Directions:
Make an exact copy of the listing so that no picture is carried over.

Available data:
----------

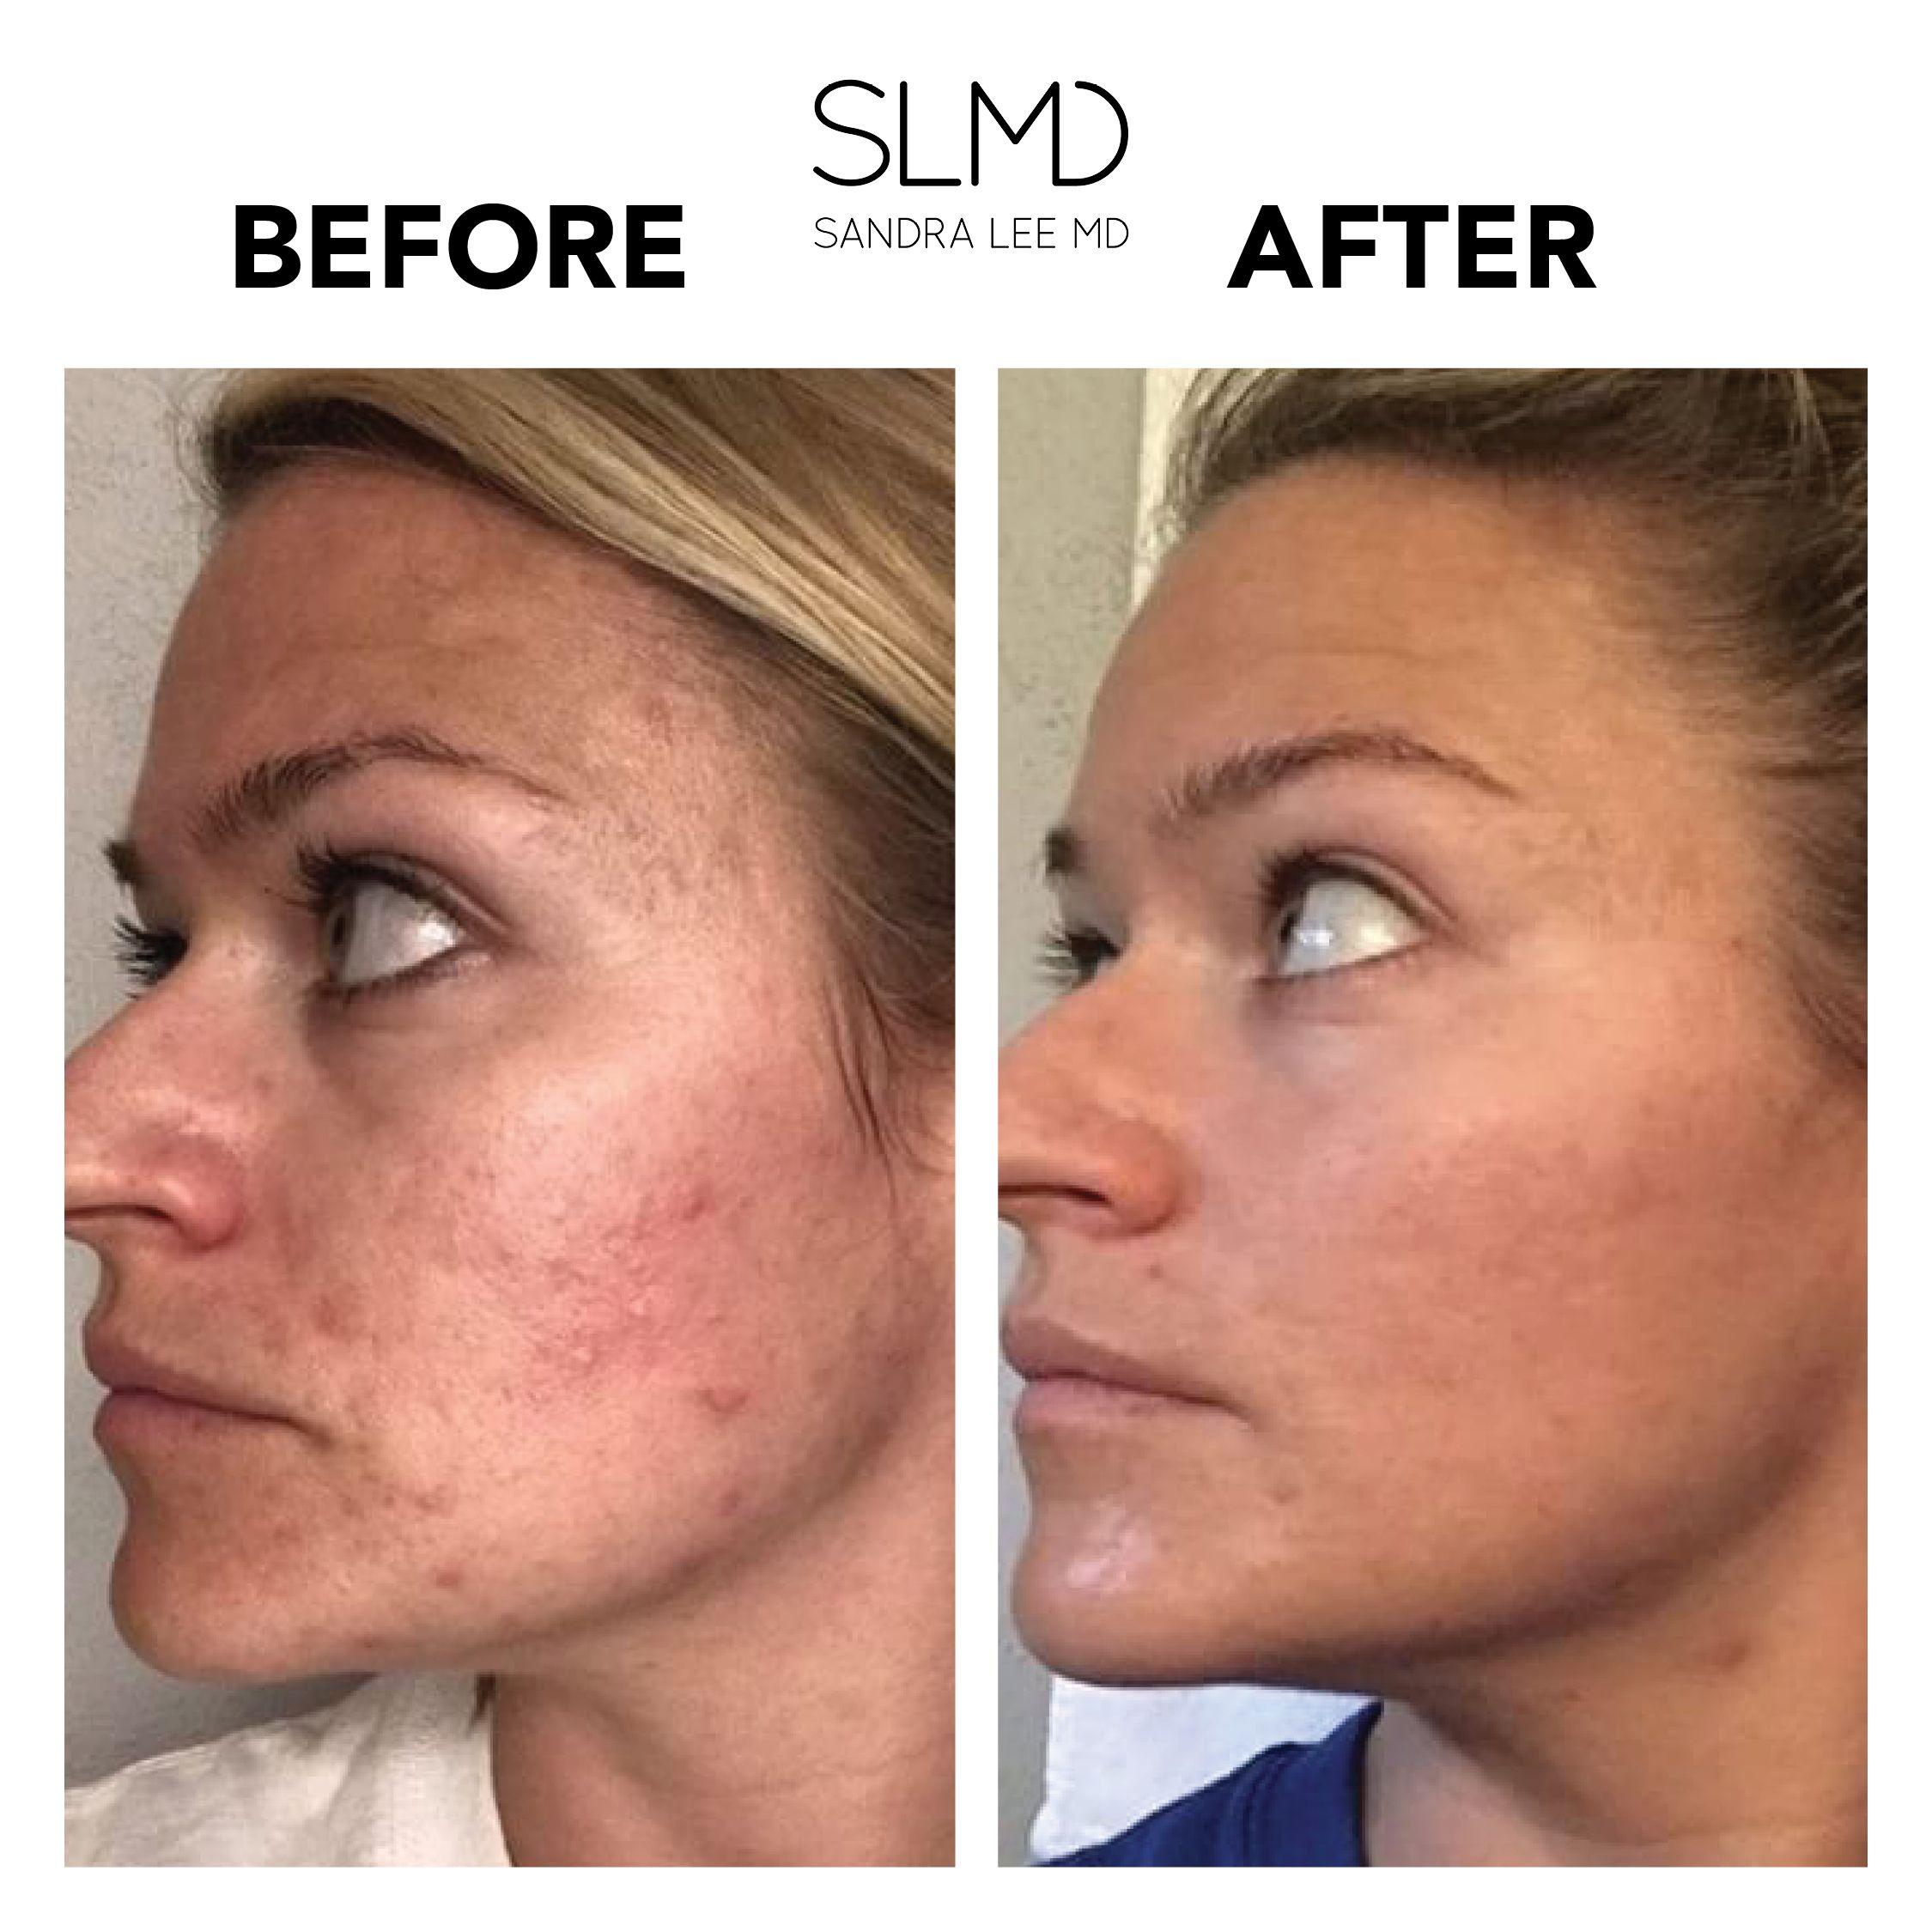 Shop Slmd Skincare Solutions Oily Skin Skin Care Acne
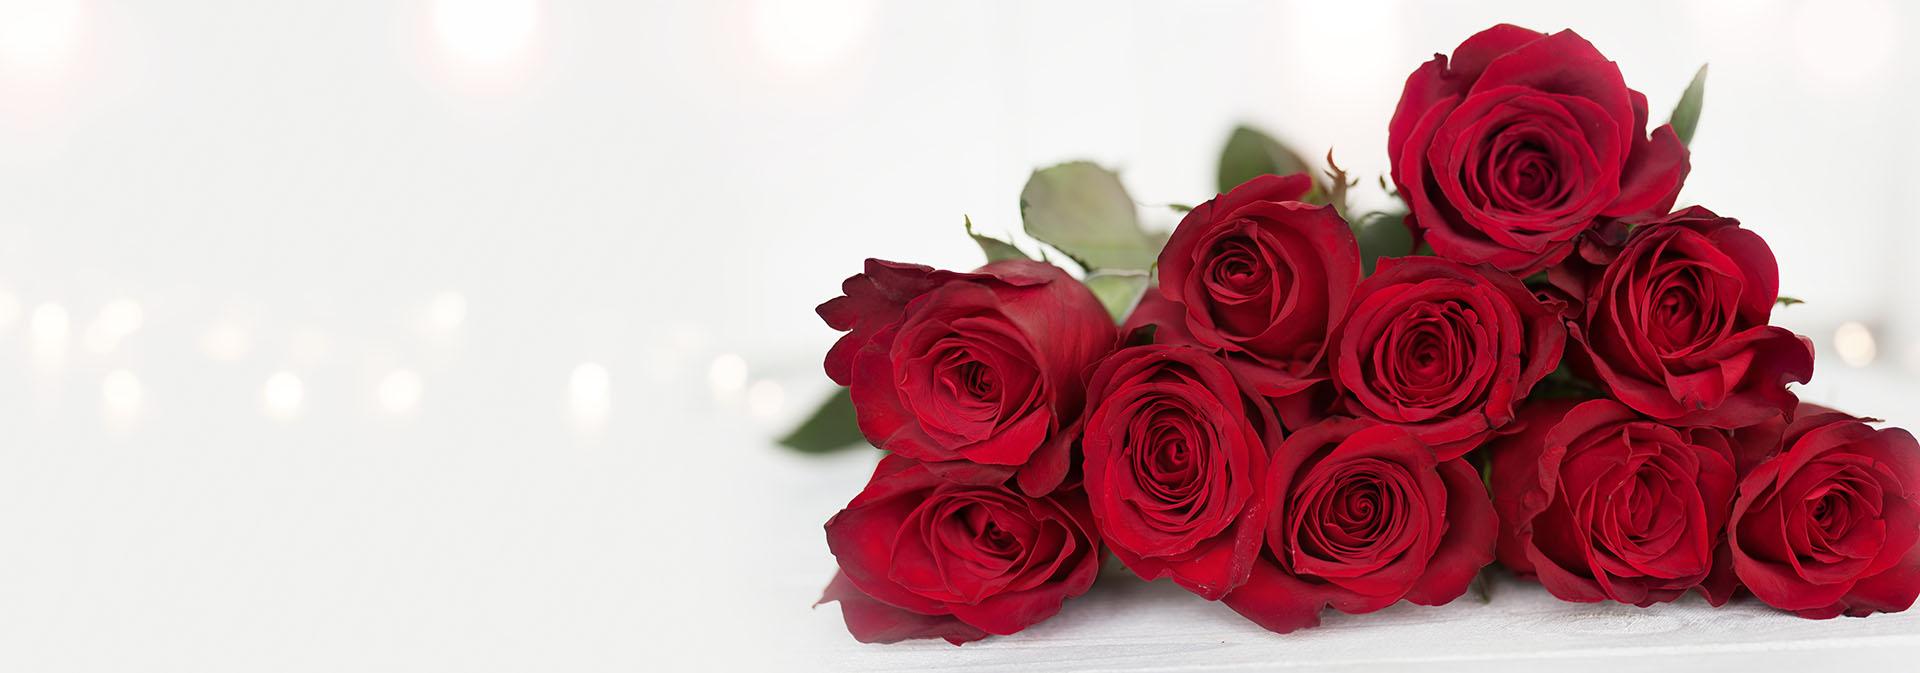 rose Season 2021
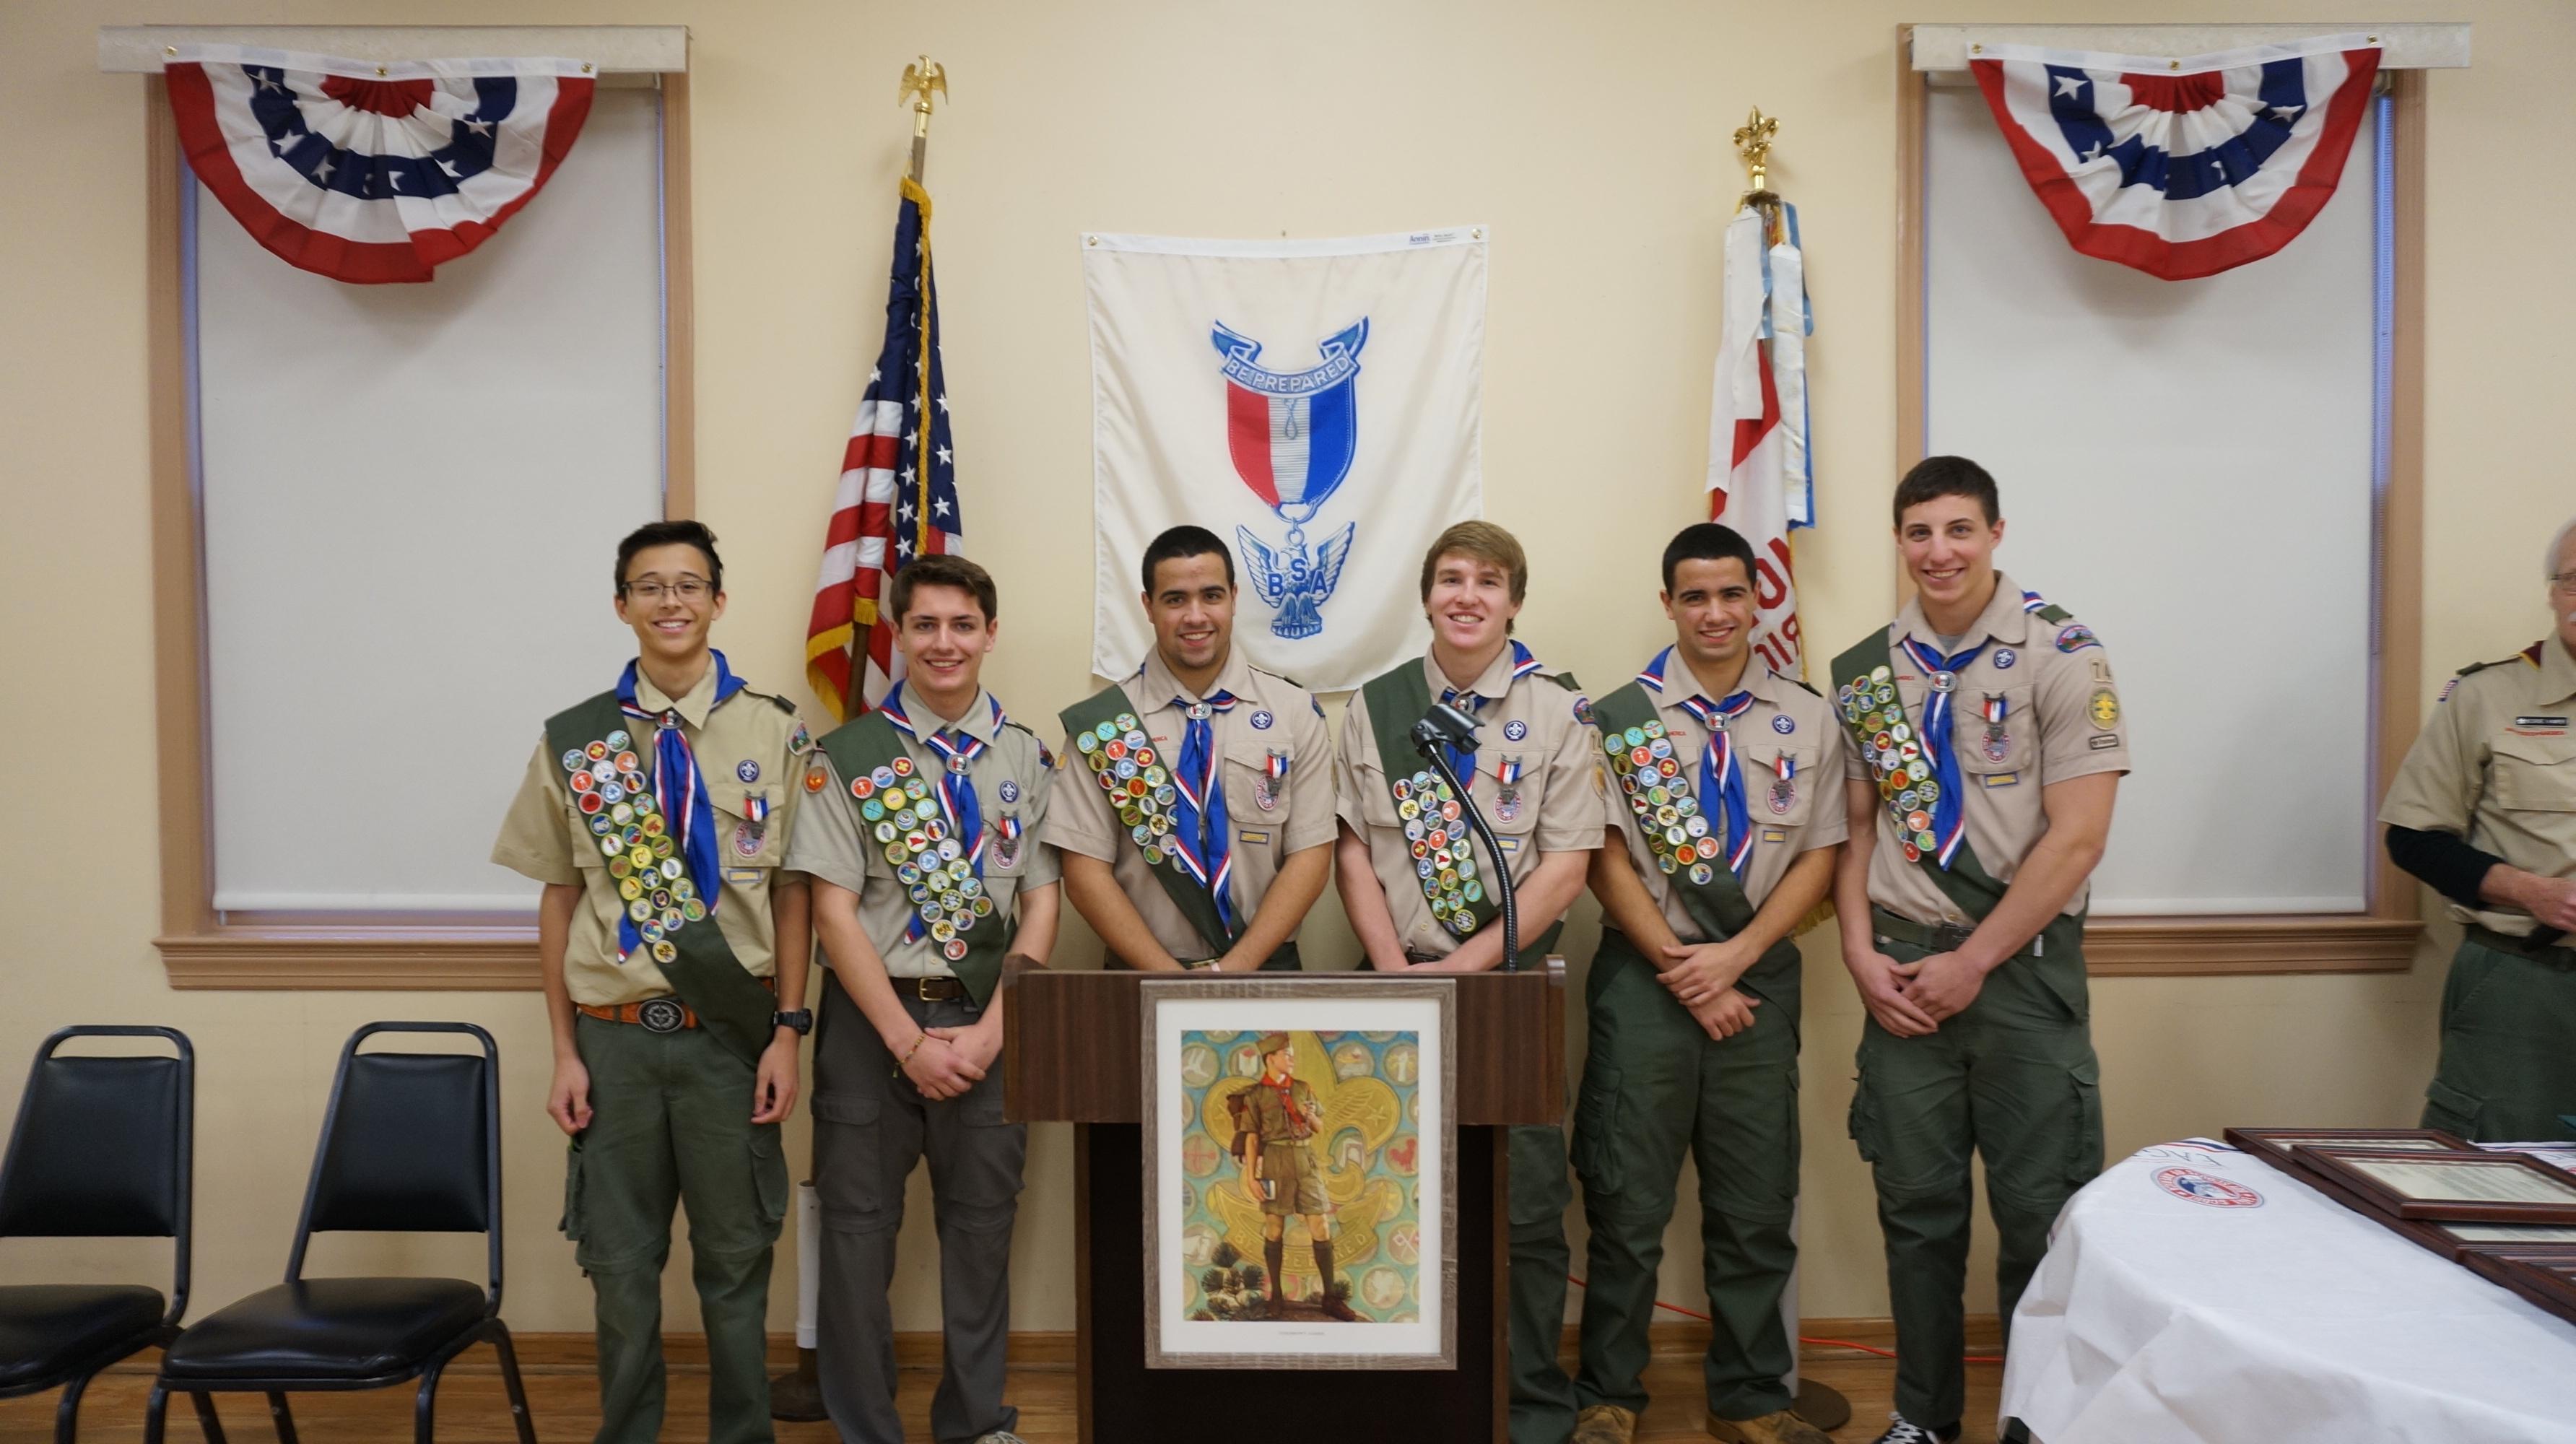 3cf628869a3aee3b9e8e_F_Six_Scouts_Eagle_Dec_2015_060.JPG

----------

Result of the task:
 Shop Slmd Skincare Solutions Oily Skin Skin Care Acne
 rose Season 2021
 3cf628869a3aee3b9e8e_F_Six_Scouts_Eagle_Dec_2015_060.JPG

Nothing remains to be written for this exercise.